Pork barrel refers to the traditional Congressional practice, since declared illegal by the Supreme Court, of allocating government projects and funding in such a way as to win favor from voters.
The administration has instructed government-owned and -controlled corporations (GOCCs) to remit funds deemed idle to the Treasury, raising fears that the President will have his own war chest to distribute to supporters.
Mr. Recto noted that the unprogrammed funds will help support several foreign-assisted projects including the Bataan-Cavite Interlink Bridge, the Metro Manila Subway, the Panay-Guimaras-Negros Island bridges, the Davao City Bypass, and the Salary Standardization VI for government employees.
The funds will also support the North-South Commuter Railway System, the Philippine National Railways South Long Haul line, and other big-ticket infrastructure works.
It will also help fund the Support to Parcelization of Lands for Individual Titling program and the Philippine Fisheries and Coastal Resiliency project.
Other programs to be funded are the Philippine Multi-Sectoral Nutrition project, Supporting Innovation in the Philippine Technical and Vocational Education and Training System, the Mindanao Inclusive Agriculture Development project, the Philippine Rural Development project, and other development initiatives.
In Circular 003-2024, the DoF asked PhilHealth and the Philippine Deposit Insurance Corp. to remit unutilized funds worth P89.9 billion and P110 billion to the Treasury.
Mr. Recto has said that the fund transfers were legal and conducted after consulting the Governance Commission for GOCCs, Office of the Government Corporate Counsel, and the Commission on Audit.
He also noted that the remitted funds include a portion of the government subsidy to GOCCs and not from PhilHealth members’ contributions.
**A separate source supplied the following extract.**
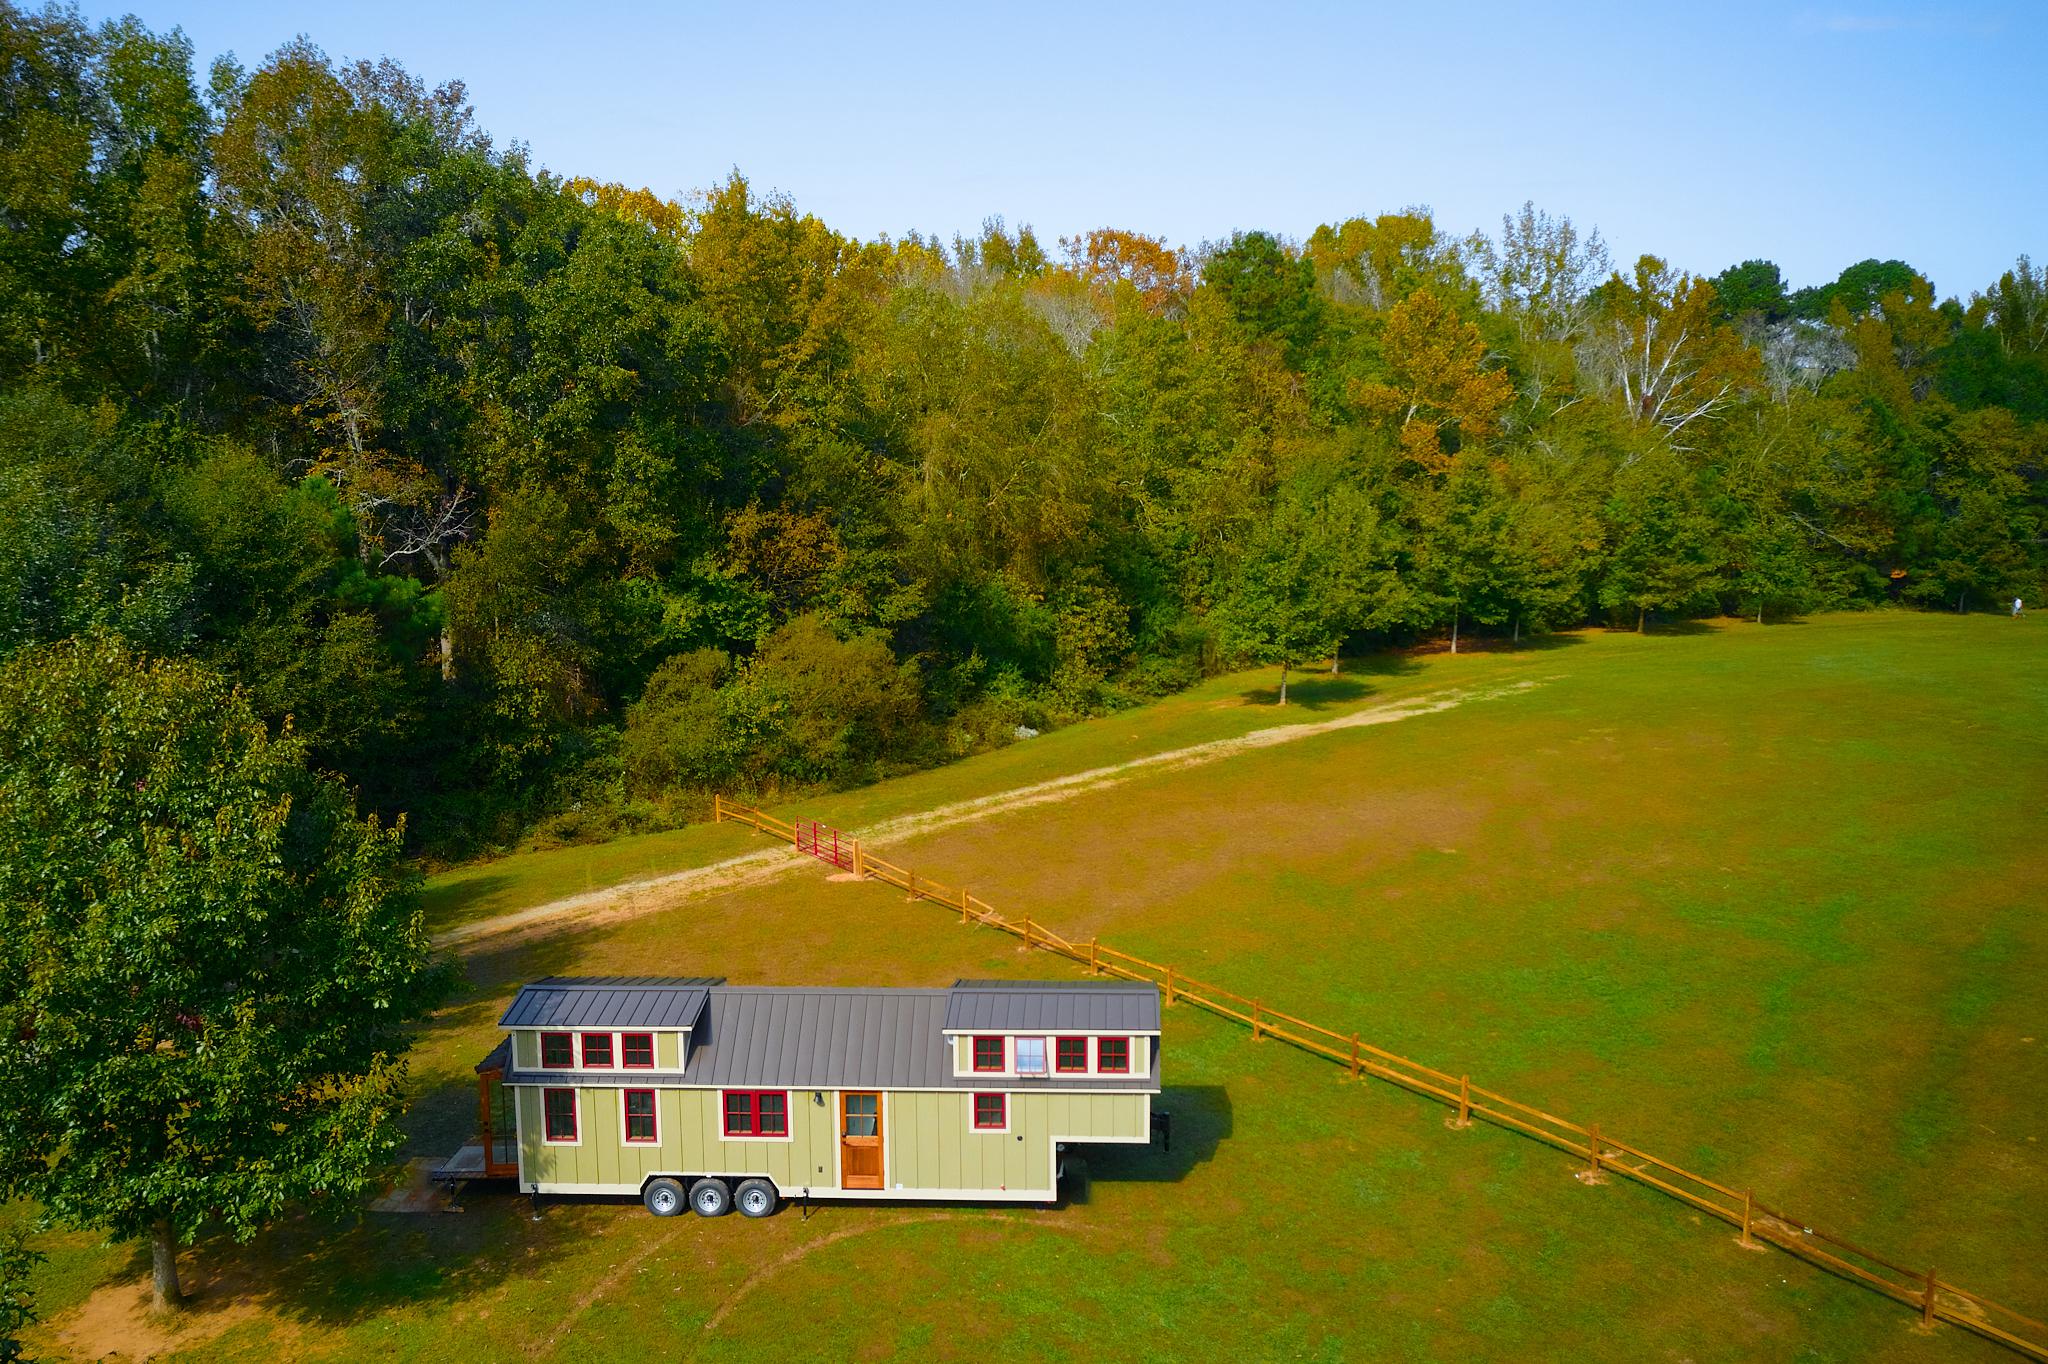 Tiny house drone shot
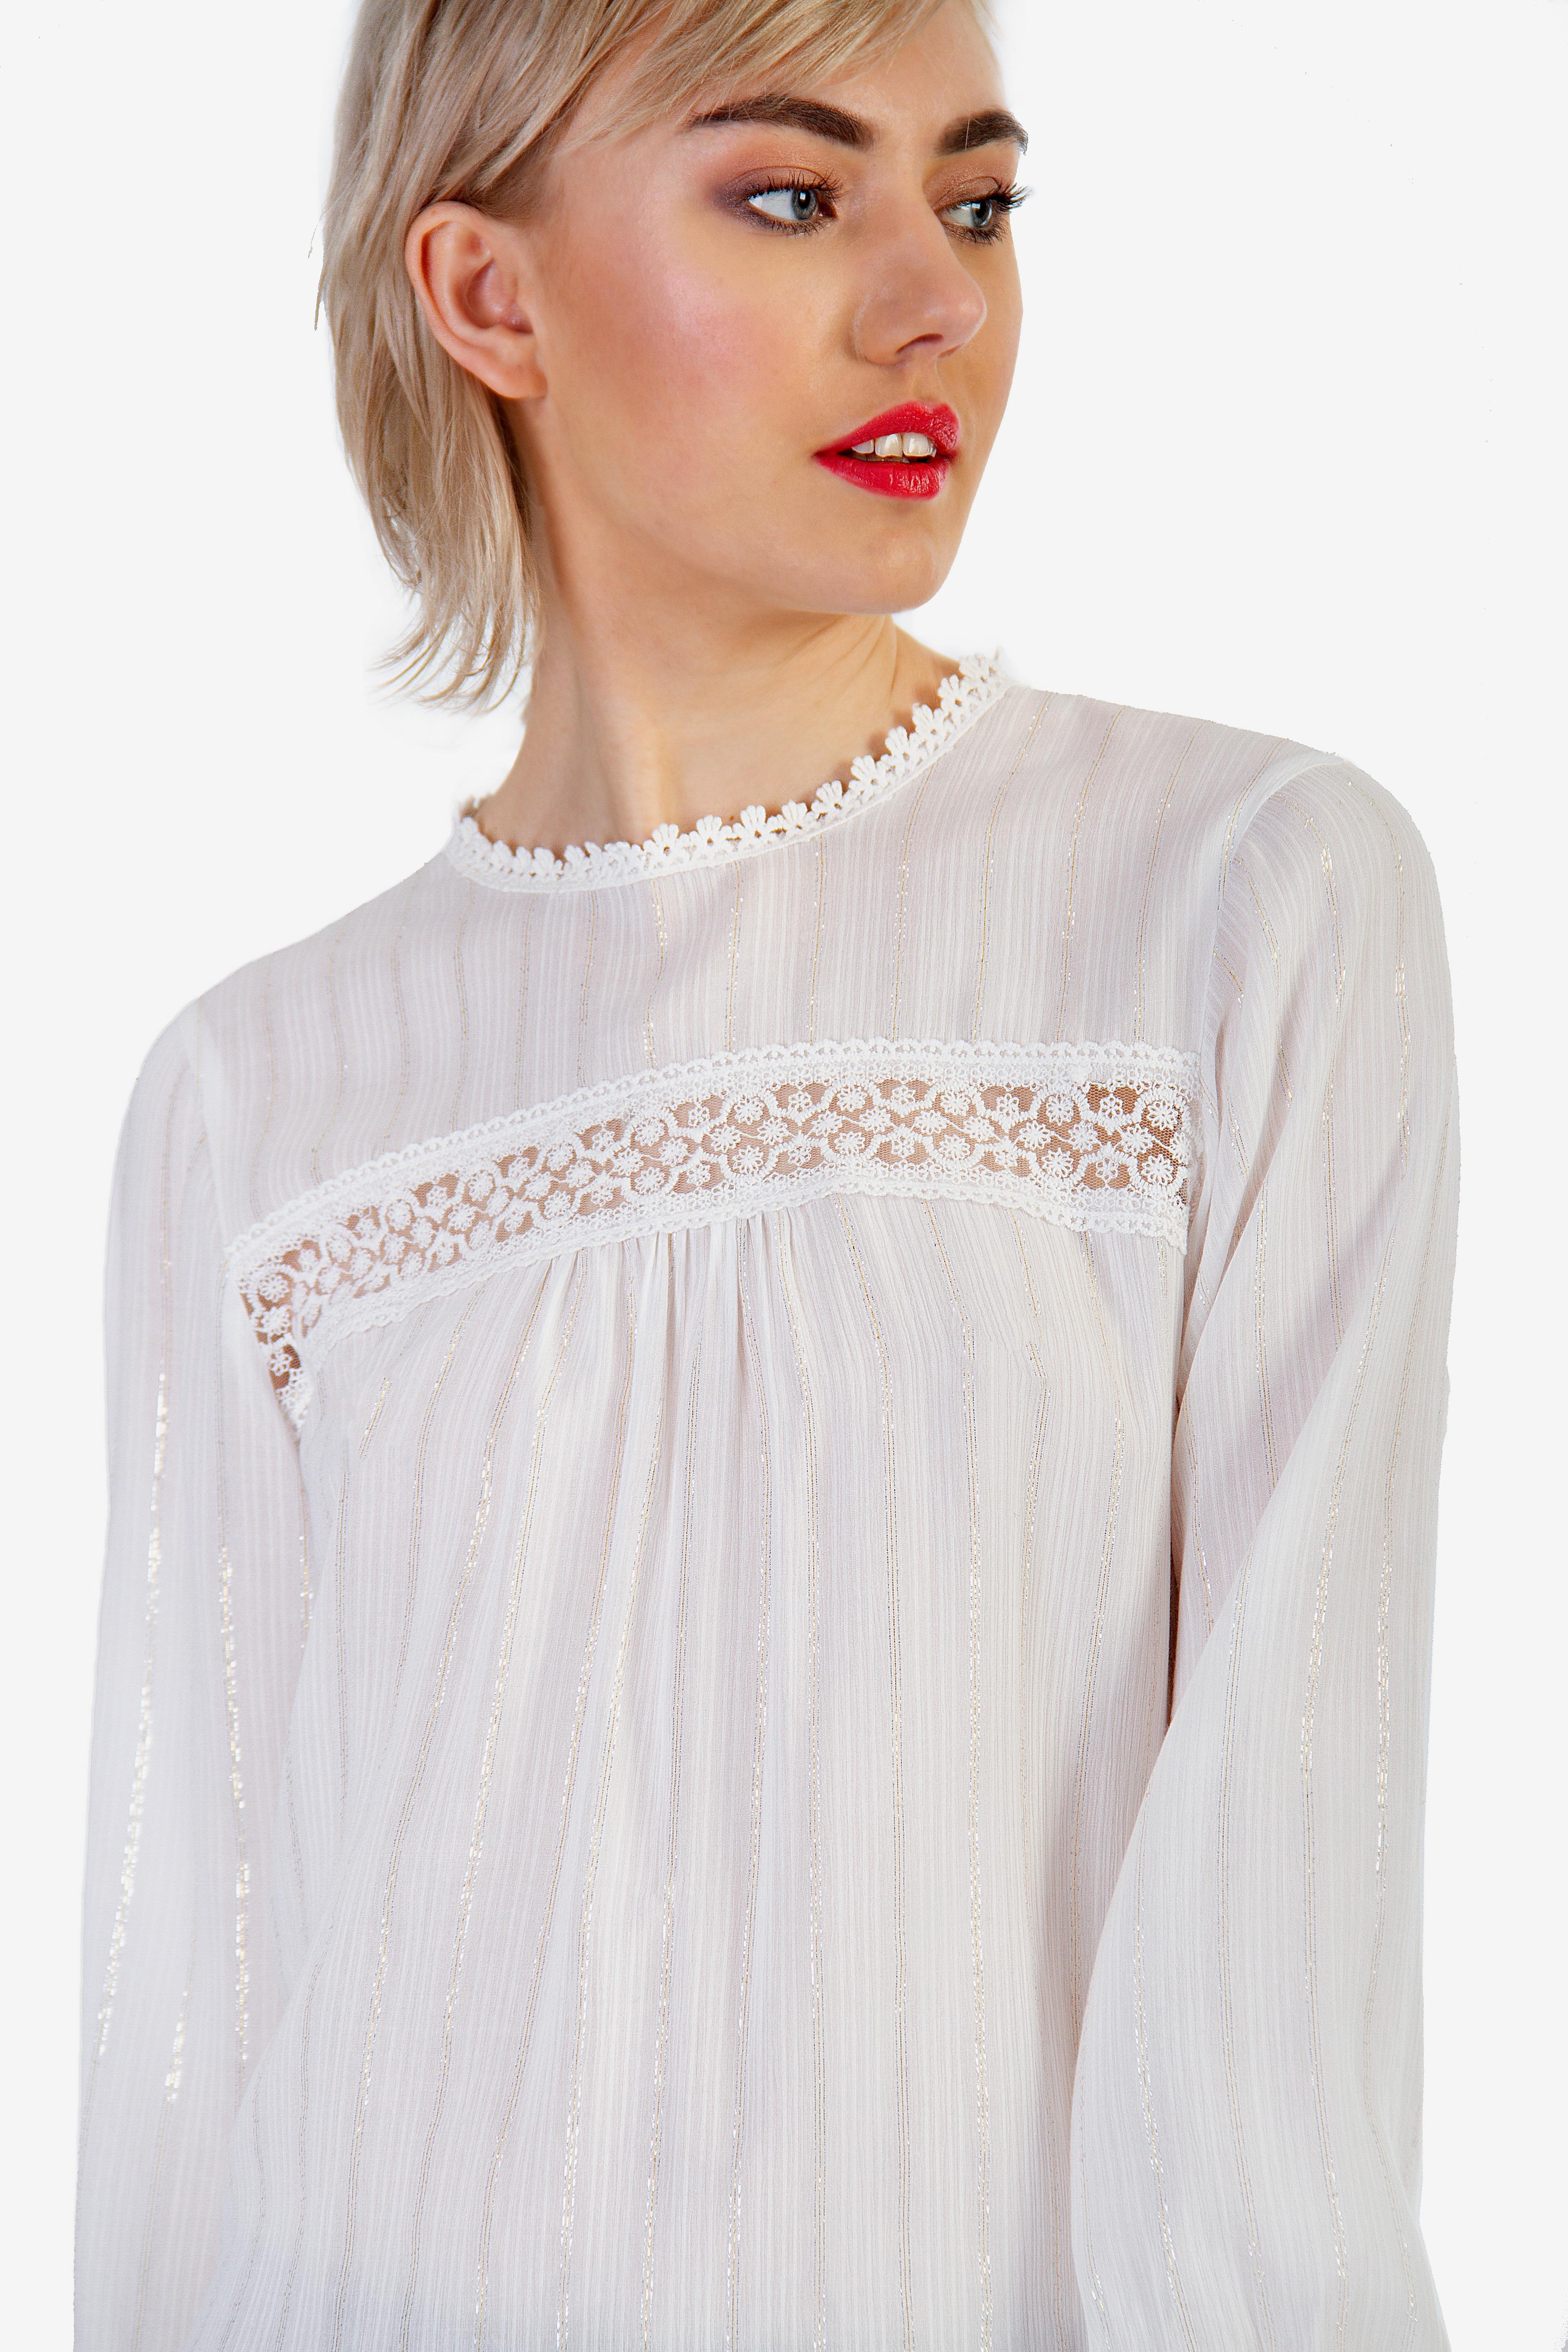 665cf32984a6 ΜΠΛΟΥΖΑ ΜΕ ΔΑΝΤΕΛΑ - Μπλούζες - Μπλούζες - E-Shop

In a Senate hearing last week, Mr. Recto said projects funded by unprogrammed appropriations will increase gross domestic product growth by 0.7%, provide up to P24.4 billion in additional revenue, and create jobs.
Meanwhile, Mr. Recto said he would prefer better health benefit packages and to reduce PhilHealth members’ out-of-pocket expenses, but said he would leave it to its board to cut premium contributions if deemed necessary.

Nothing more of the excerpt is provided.